Late Breaking News
Army Announces PTSD Review
WASHINGTON—The Army announced it will conduct a service-wide review of soldier behavioral health diagnoses and evaluations.
Earlier this year, the Army announced that it reviewing a number of behavioral health diagnoses at Madigan Army Medical Center after some soldiers had argued that their PTSD diagnoses were changed so that they would qualify for a lesser amount in disability compensation. That review is still ongoing, but the Army said it has already found that the original PTSD diagnoses were more accurate in some instances.
The new review launched will examine diagnoses and evaluations made at all of the Army’s medical facilities.
“We owe it to every soldier to ensure that he or she receives the care they need and deserve,” said Secretary of the Army John McHugh in a statement. “Just as our behavioral health professionals are committed to providing the best possible care, we, too, must ensure that our processes and procedures are thorough, fair and conducted in accordance with appropriate, consistent medical standards.”

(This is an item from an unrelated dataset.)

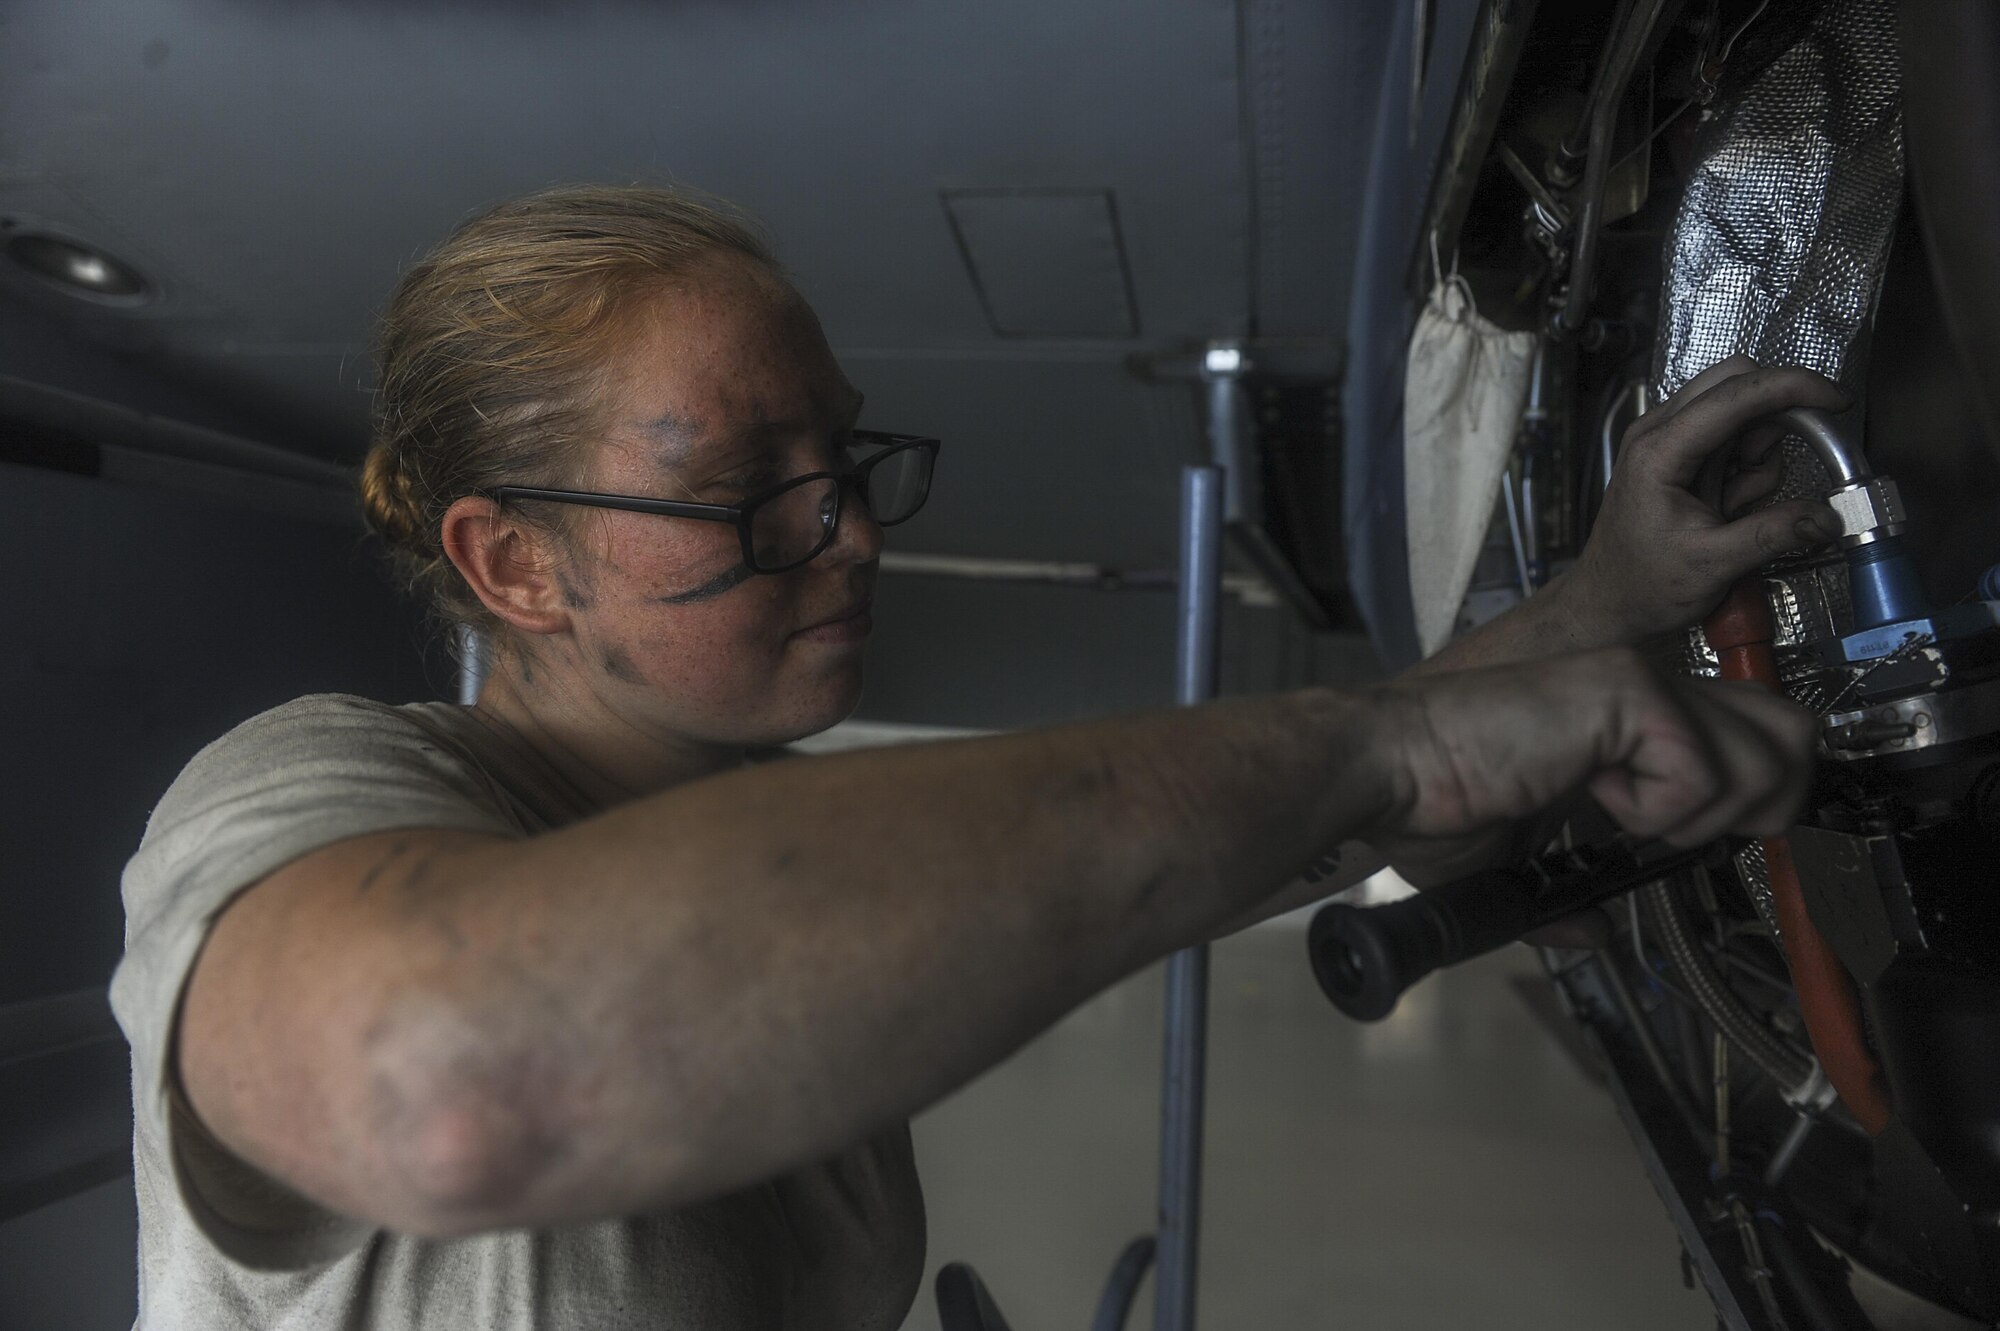 Senior Airman Maggie Jakaitis, an aerospace propulsion journeyman with the 1st Special Operations Aircraft Maintenance Squadron, safety wires a fuel nozzle on an AC-130U Spooky gunship at Hurlburt Field, Fla., July 6, 2017. Aerospace propulsion technicians test, maintain and repair AC-130U engines, preparing them to execute the mission any time, any place. (U.S. Air Force photo by Airman 1st Class Rachel Yates)

Chief of Staff Raymond T. Odierno said in a statement that in addition to reviewing behavioral health diagnoses, officials “will develop a detailed action plan to identify, analyze and, if needed, correct behavioral health policy, procedure or programmatic issues in the Army’s implementation of these vital systems.”
Sen. Patty Murray, chairman of the Senate Veterans Affairs Committee, said in a statement in response to the Army-wide review that the Army realizes it has “a nationwide, systematic problem on their hands.”
“I credit them with taking action, but it will be essential that this vast and truly historic review is done the right way. That means continued engagement from Army leadership at the highest levels, prompt attention to the problems of servicemembers identified during the review, and not only the identification of problems but quick action to implement and enforce solutions,” she said.